Mbembe's work refuses both the triumphalist narrative in which African developers are simply empowered by access to AI tools and the catastrophist narrative in which African populations are simply victims of digital colonization. Between these poles he insists on African agency: the capacity of African thinkers, creators, institutions, and communities to engage the AI moment on terms informed by the continent's specific histories and traditions. The continent's youthful population, its traditions of oral creativity and improvisation, its experience of navigating systems designed without its participation, and its relative freedom from the cognitive ruts of metropolitan tech culture constitute, in Mbembe's reading, resources rather than deficits.
The argument is partly empirical and partly normative. Empirically, there is already a vibrant African AI ecosystem that the metropolitan discourse largely ignores. Masakhane, the community-driven machine translation effort for African languages, has produced state-of-the-art models for dozens of languages through participatory research methods that contrast sharply with the extractive practices of major labs. Lelapa AI in South Africa builds models specifically for African contexts. The Lacuna Fund supports African researchers developing datasets for underrepresented problems. The African Content Moderation Workers' Union is organizing the labor side. These efforts do not require metropolitan validation to exist, and they are producing intellectual and technical artifacts that the metropolitan center could learn from if it were willing.
Normatively, the argument is that the continent's intellectual traditions — oral memory cultures, collective improvisation in music and language, the negotiation with and through colonial languages, the experience of building parallel institutions under hostile conditions — are directly relevant to the problems the AI age poses.

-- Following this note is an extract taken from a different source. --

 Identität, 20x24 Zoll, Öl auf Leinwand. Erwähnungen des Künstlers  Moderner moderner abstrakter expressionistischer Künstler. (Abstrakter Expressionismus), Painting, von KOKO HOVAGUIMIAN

The question of how communities retain knowledge against its appropriation is not a new question for African thinkers. The question of how to build under conditions of infrastructural dependency is not new either. The question of how to improvise when the system does not work as designed is a competency the continent has developed for centuries.
The framework cuts against the tendency of both tech optimism and tech criticism to treat Africa as a passive screen onto which the hopes or fears of metropolitan commentators are projected. The developer in Lagos is not a hypothetical figure in an argument about whether AI democratizes creativity. She is a specific person, with specific intellectual lineages, making specific choices about which tools to use, which to build, and which to refuse. What she does with AI will be determined by her agency, operating under the constraints Mbembe's other concepts describe, not by the prior commitments of commentators in San Francisco or Berlin.

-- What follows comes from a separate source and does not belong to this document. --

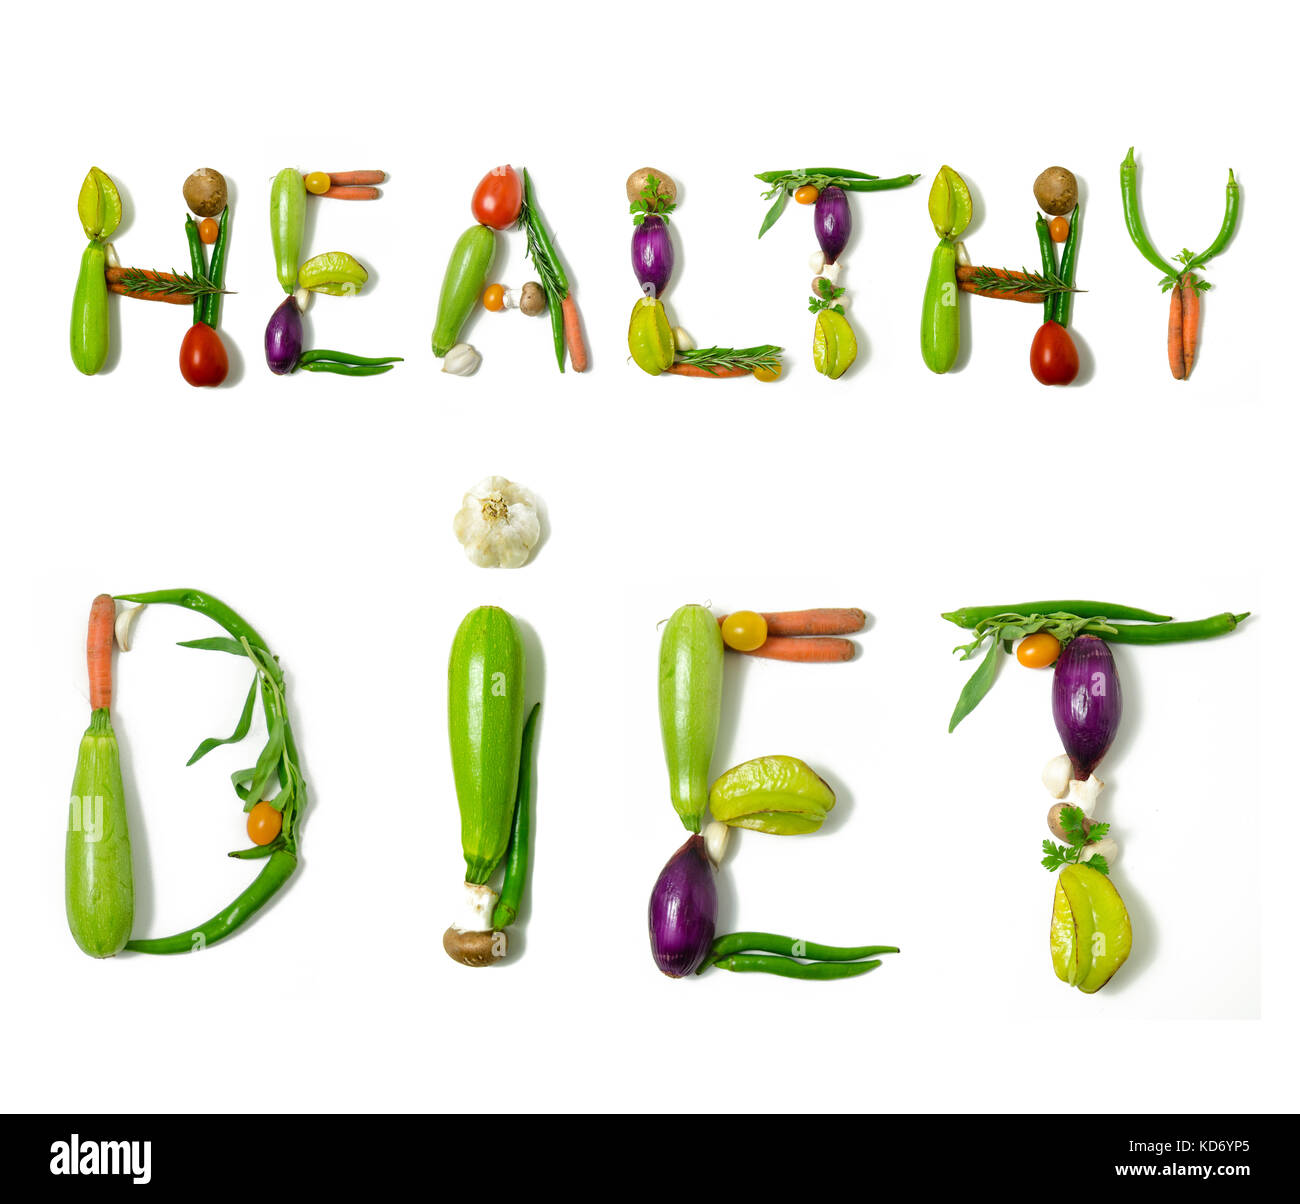 Phrase 'Alimentation saine' écrit avec des légumes comme un concept de style de vie sain, régime végétarien ou végétalien, la remise en forme ou la réduction de calories Banque D'Images

The generative dimension of Mbembe's work has sometimes been underread. Critics have treated him as a purely diagnostic thinker, useful for exposing colonial continuities but not for building alternatives. This is a misreading. Mbembe's later work — especially Out of the Dark Night — is sustained in a more constructive register, proposing what he calls a planetary ethics and a politics of the common that requires contributions from the margins, not at their expense.
The argument runs through the later stages of Mbembe's work and connects to a broader African intellectual tradition including Achille Mbembe himself, Souleymane Bachir Diagne, Felwine Sarr, Sylvia Tamale, and the various communities engaged in decolonial technology practice on the continent.

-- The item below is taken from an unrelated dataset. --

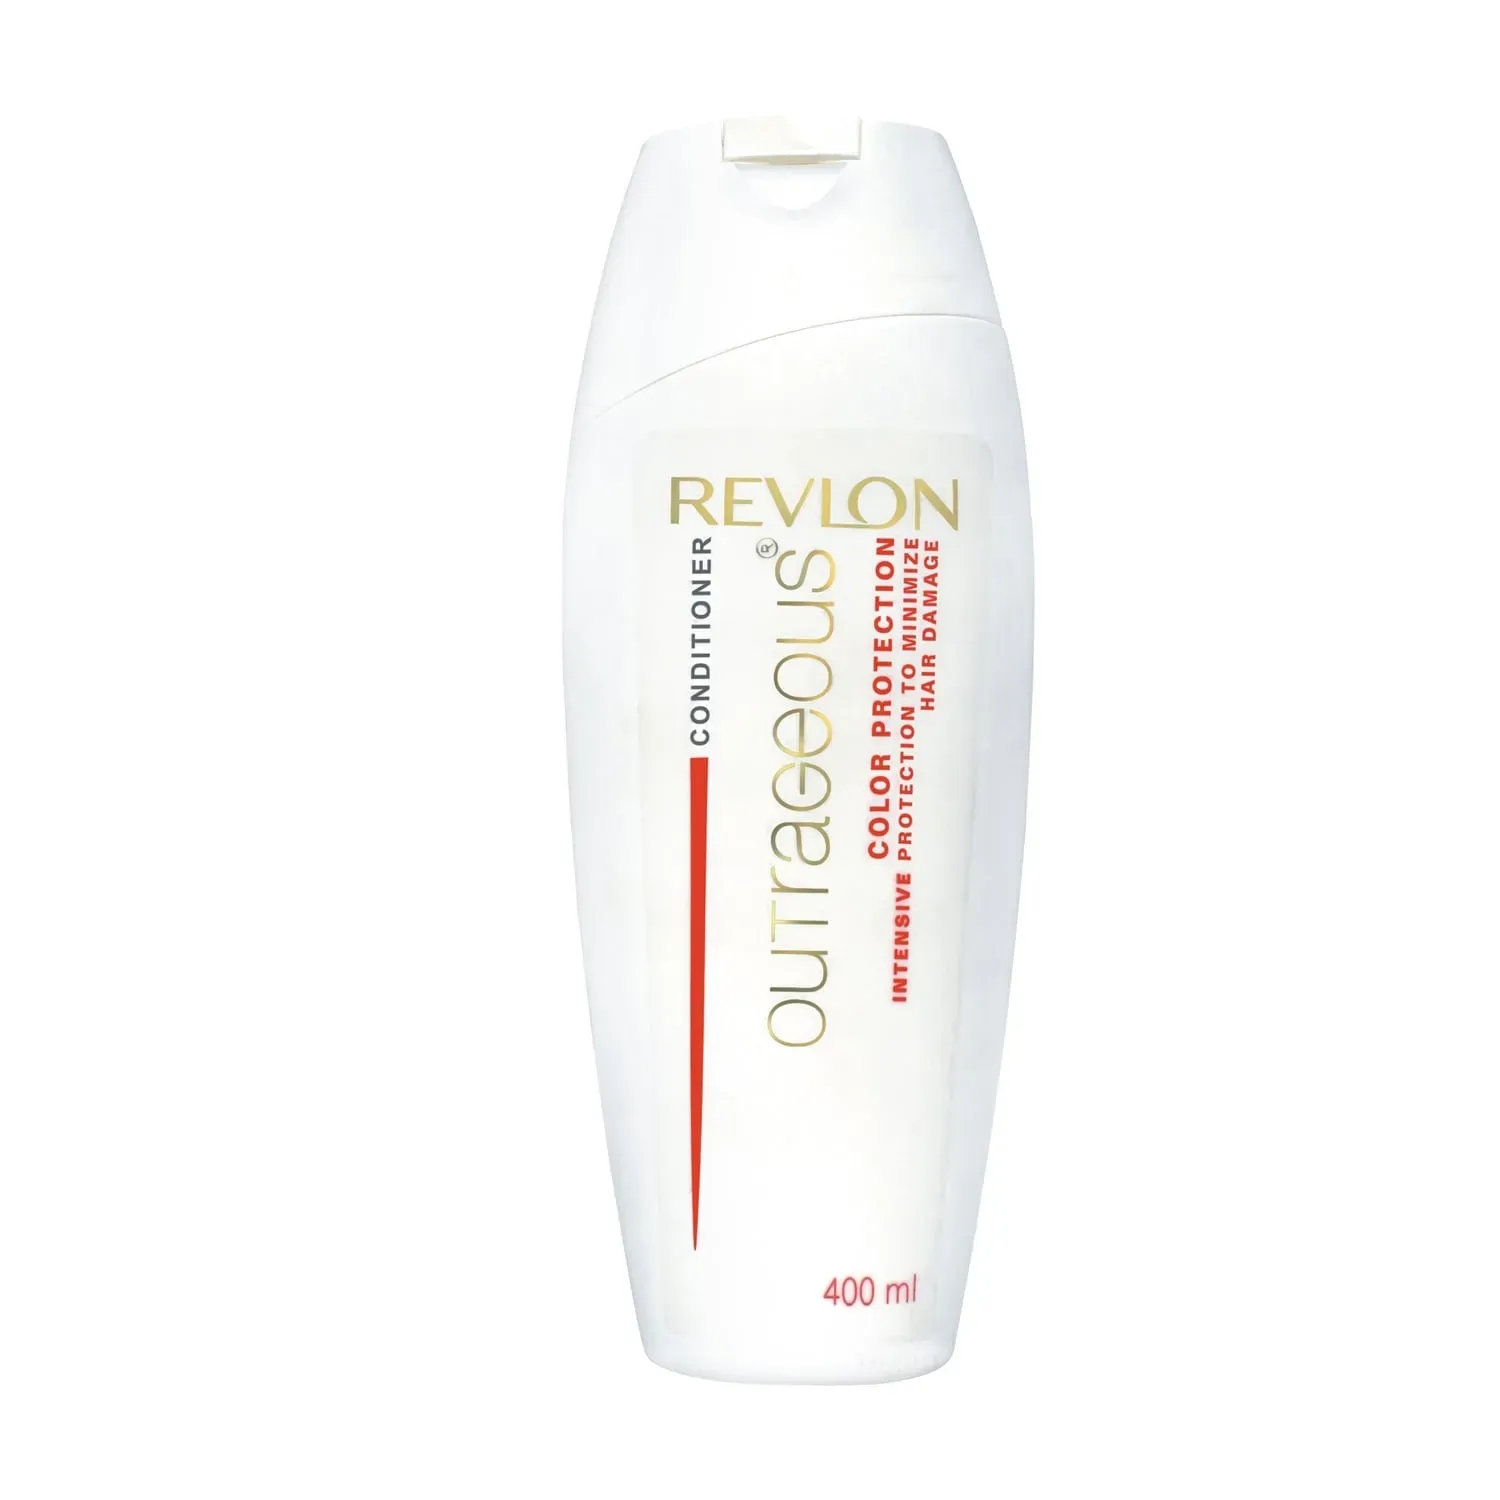 Revlon | Revlon Outrageous Color Protection Conditioner (400ml)

Between triumph and catastrophe. African agency cannot be seen through either the celebratory or the tragic frame alone.
Existing ecosystem. African AI work is already producing significant technical and intellectual artifacts, largely invisible to metropolitan discourse.
Traditions as resources. Oral creativity, improvisation, collective intelligence, and the experience of parallel institution-building are resources for the AI age.
Refusal is a form of agency. The choice to not build on certain platforms, not participate in certain extractions, is a form of agency as real as adoption.
Generative, not only diagnostic. The framework points toward what African engagement with AI can produce, not only what it must resist.